**EXERCISE REQUIREMENTS:** This exercise requires an exact output of the listing, images omitted.

**RAW DATA:**
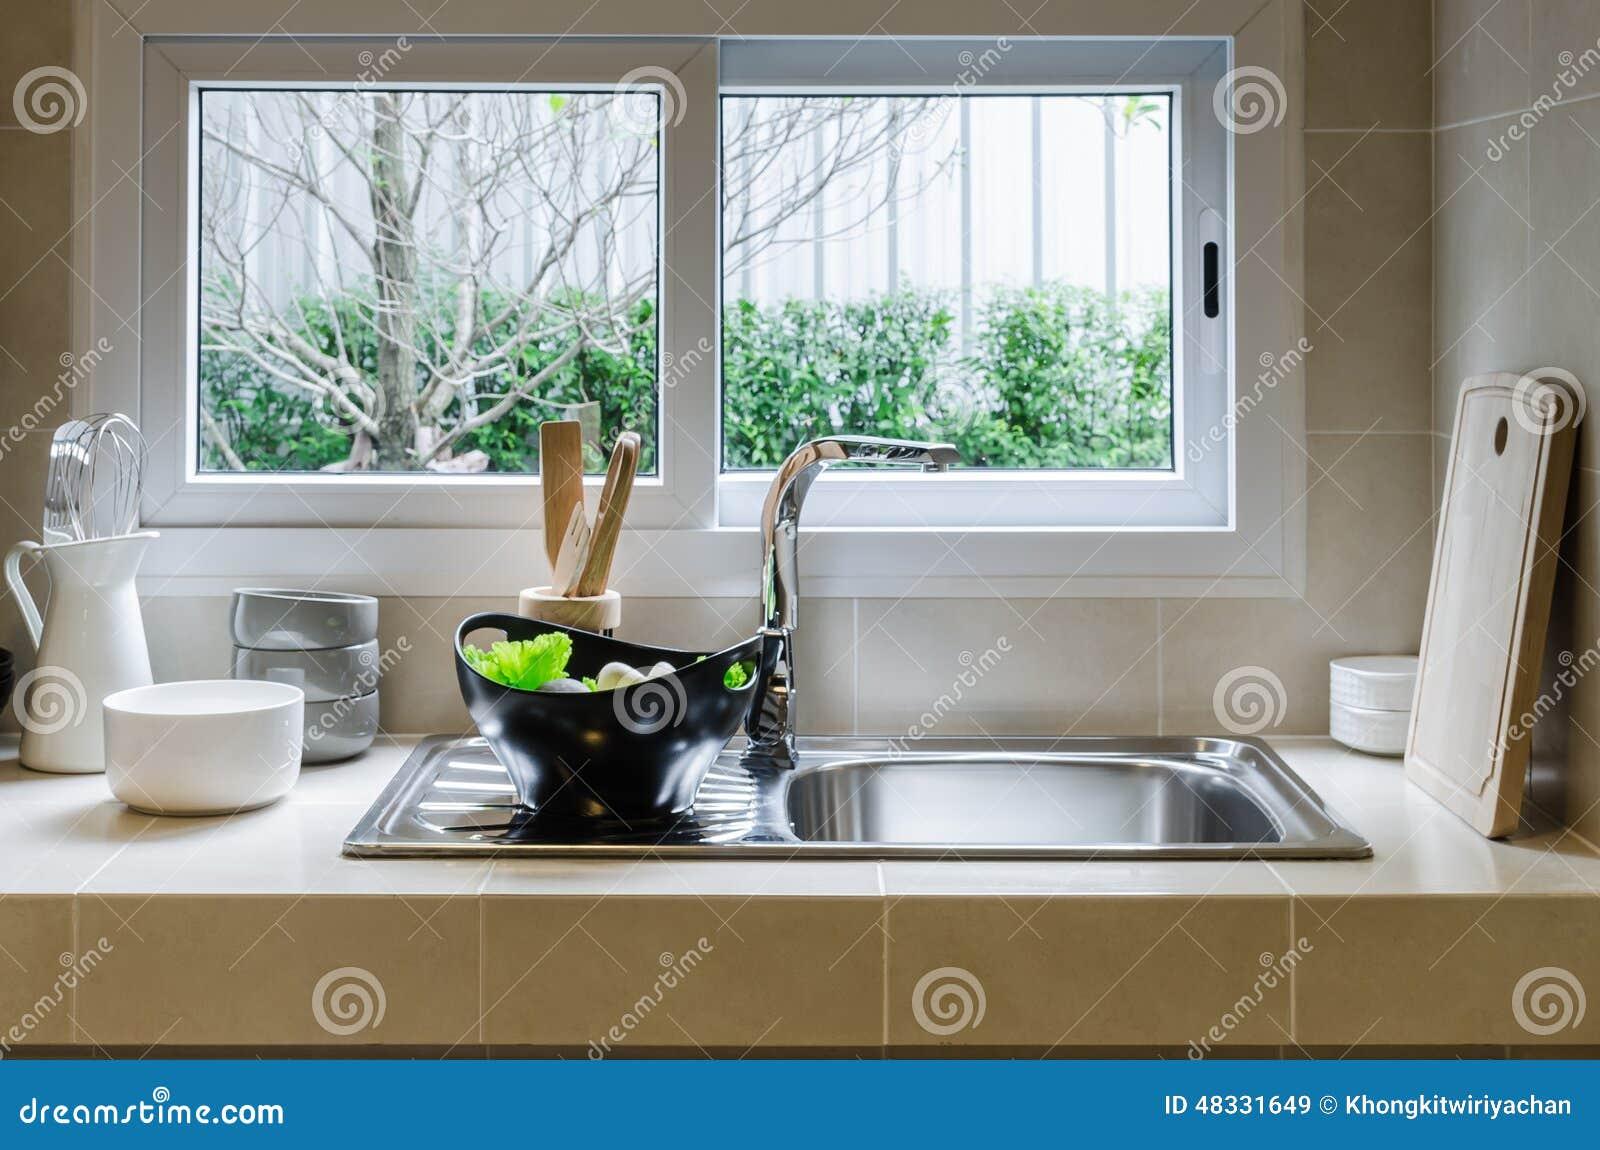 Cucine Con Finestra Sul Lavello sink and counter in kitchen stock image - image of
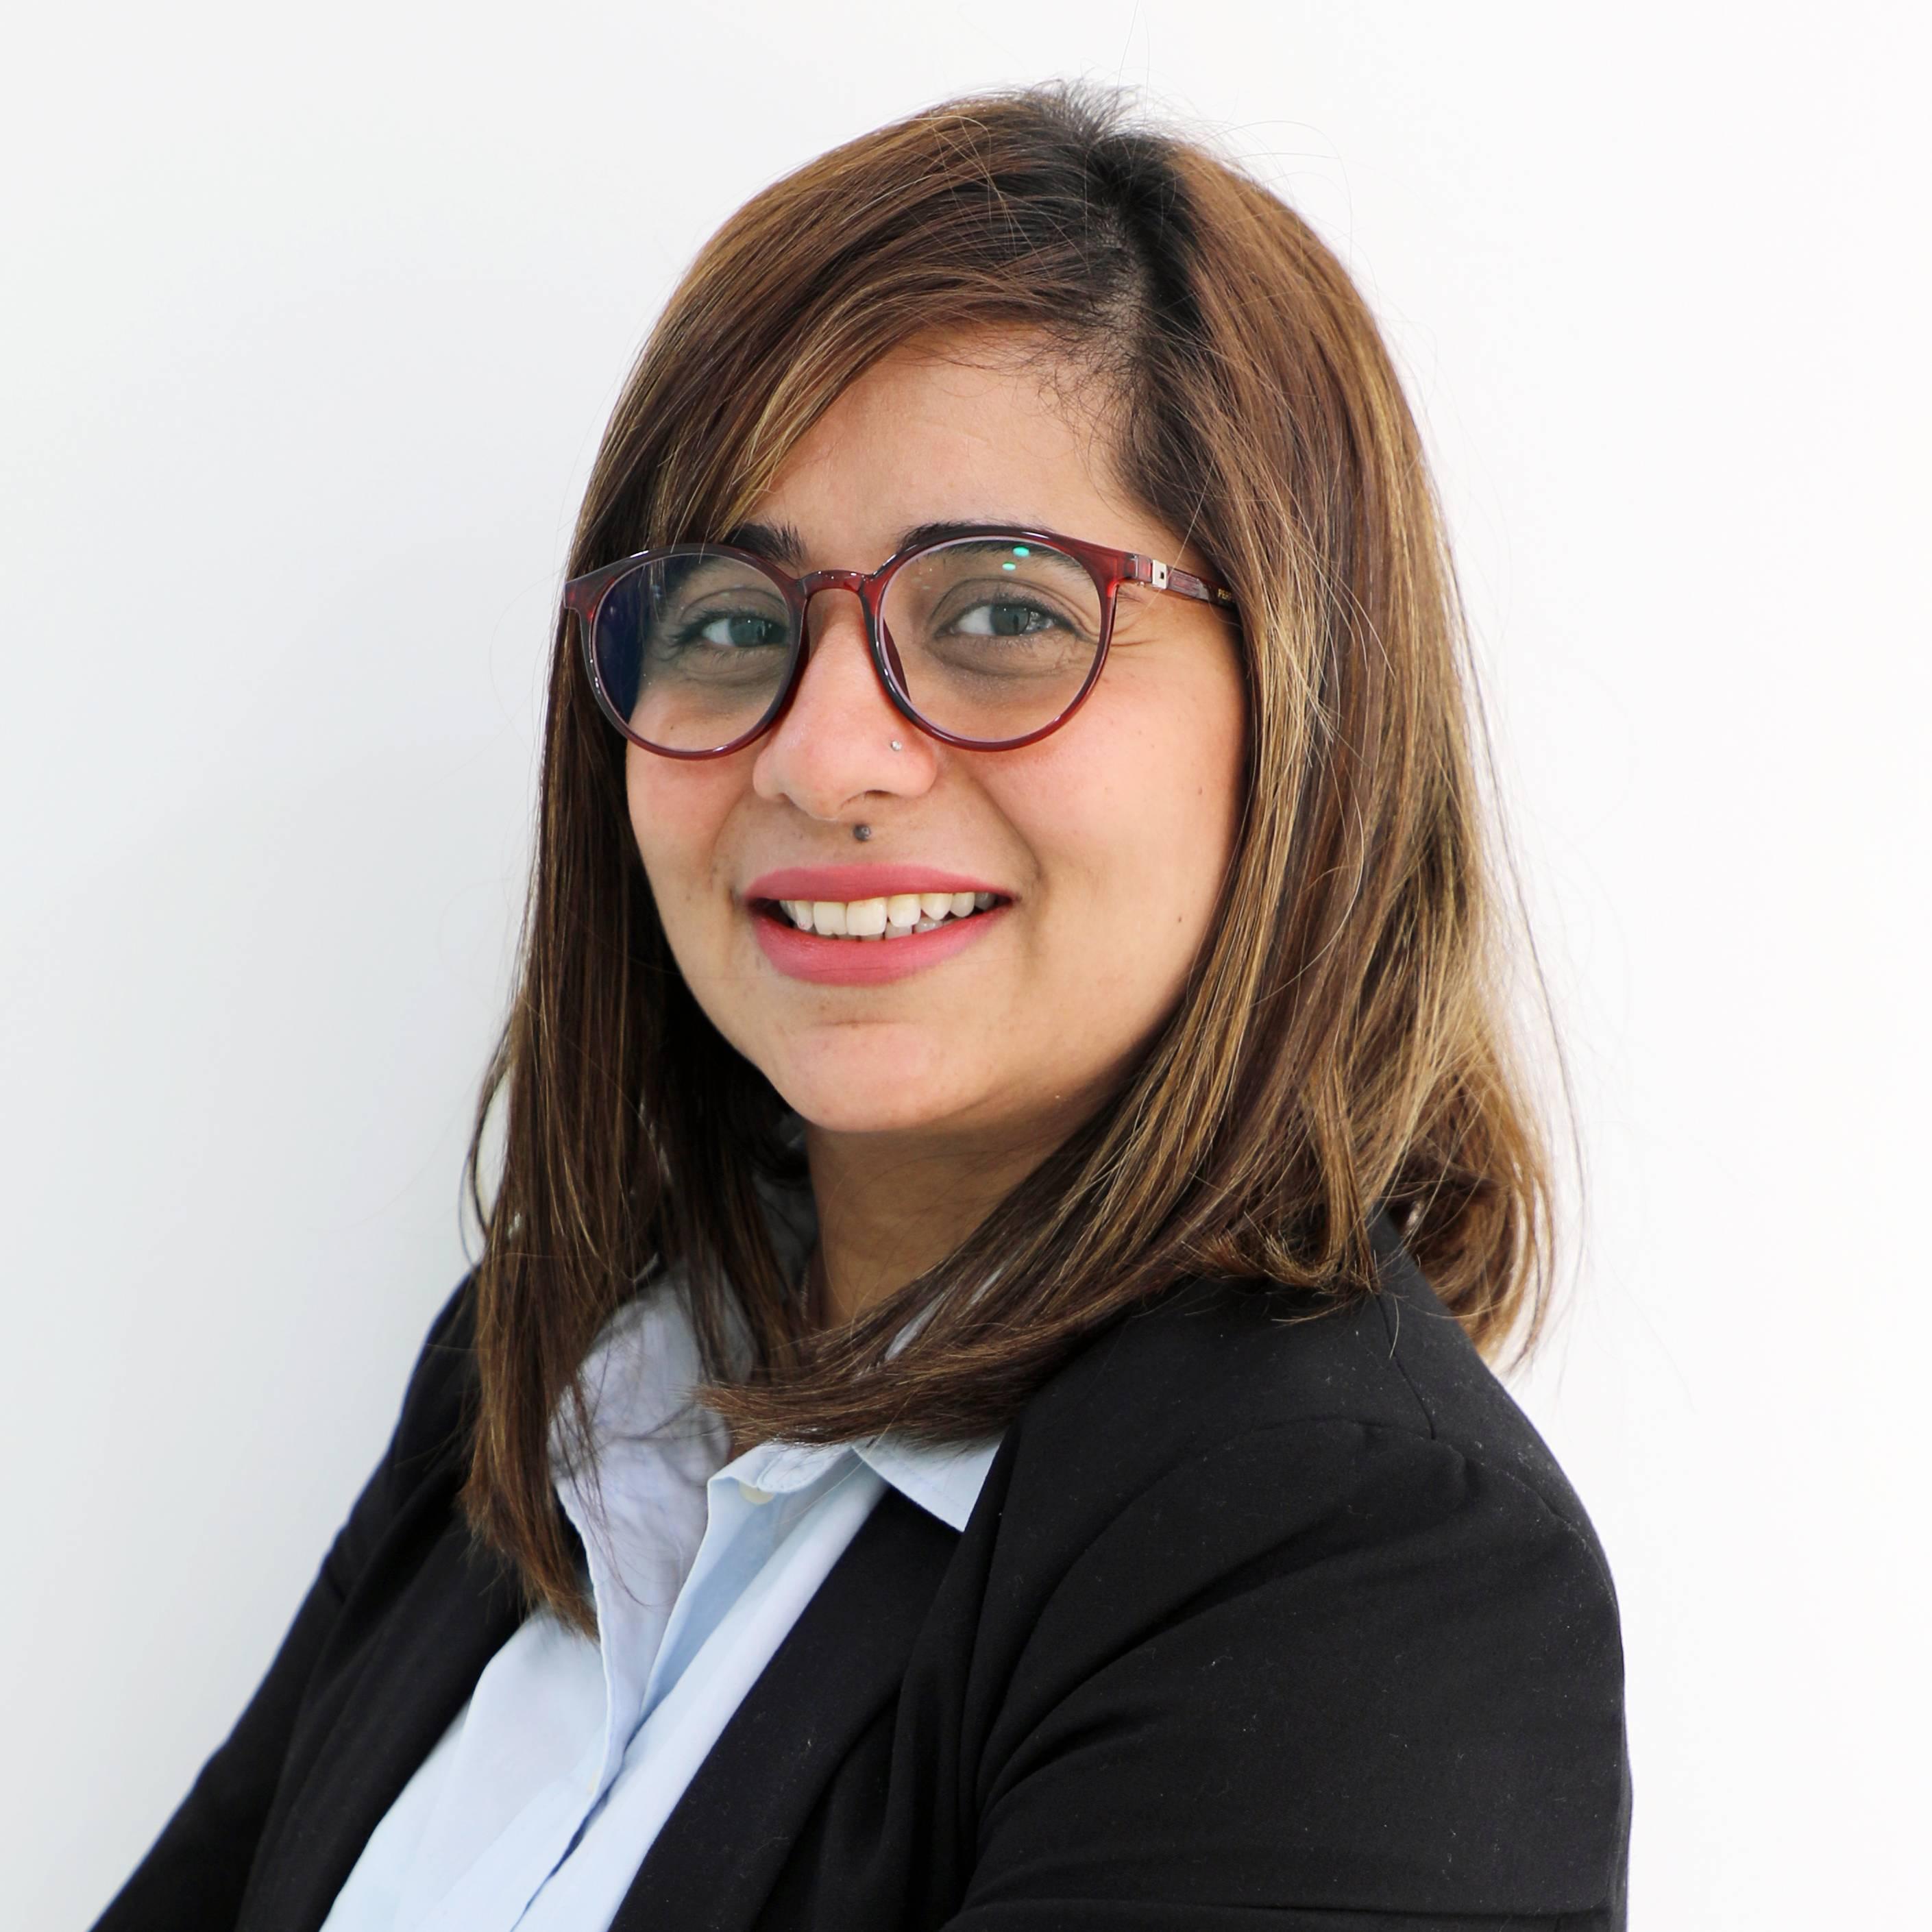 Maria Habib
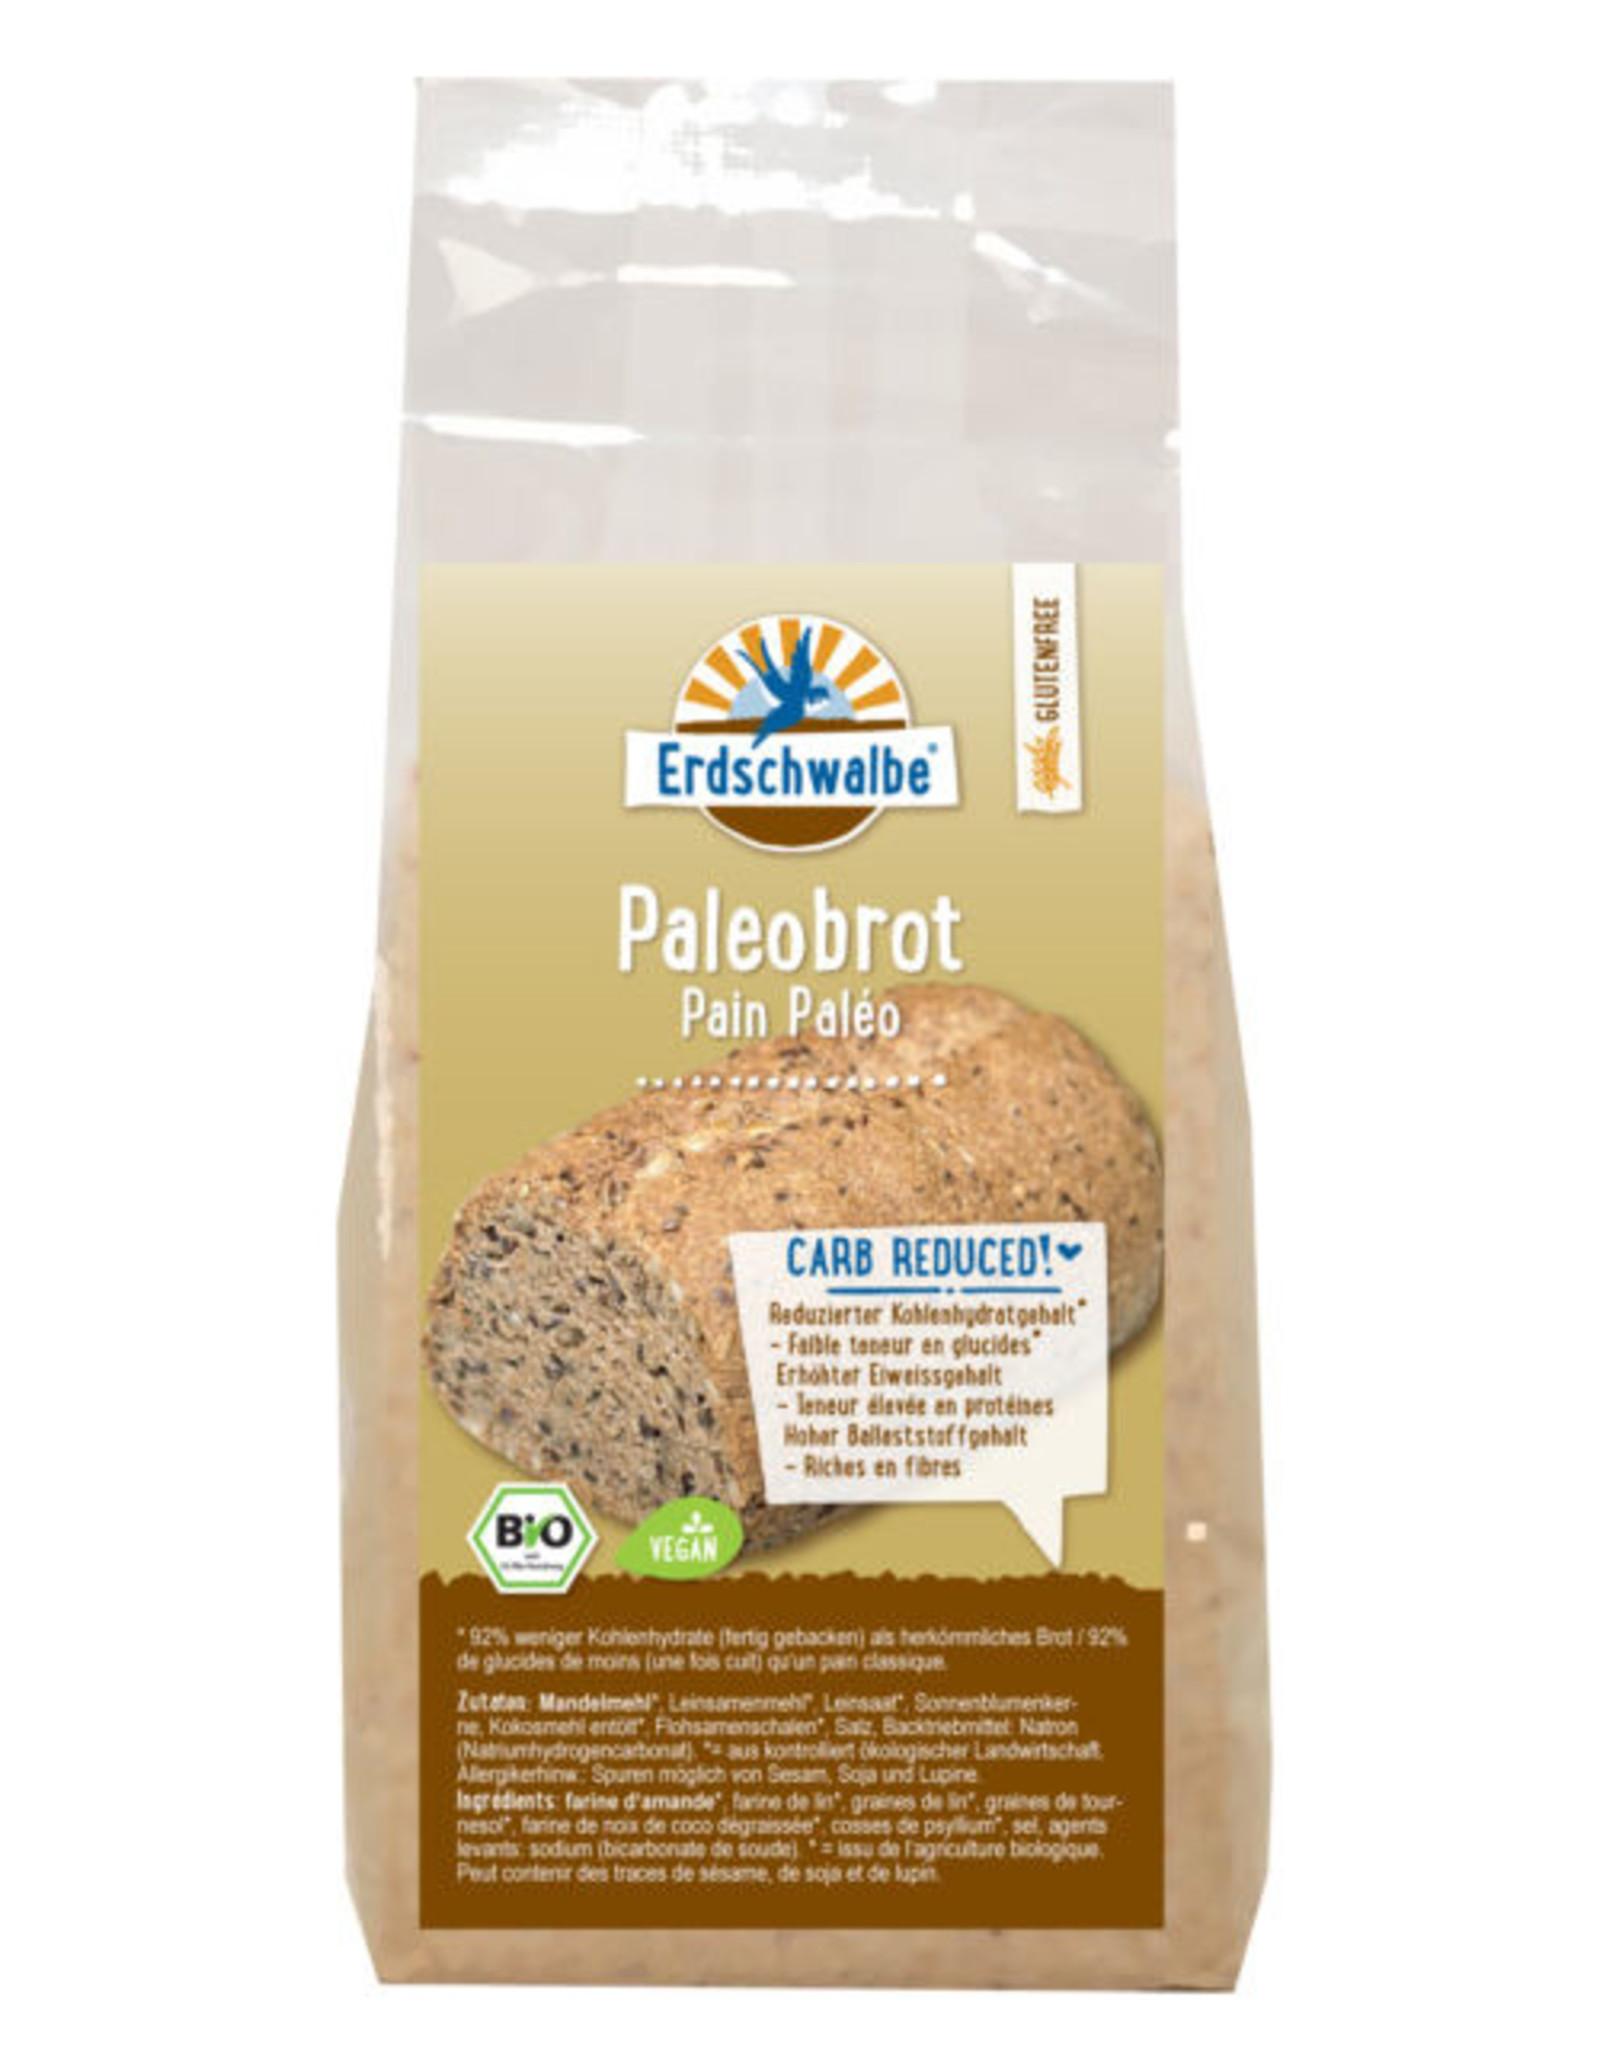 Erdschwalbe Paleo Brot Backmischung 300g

**ANSWER SECTION:**
 Cucine Con Finestra Sul Lavello sink and counter in kitchen stock image - image of
 Maria Habib
 Erdschwalbe Paleo Brot Backmischung 300g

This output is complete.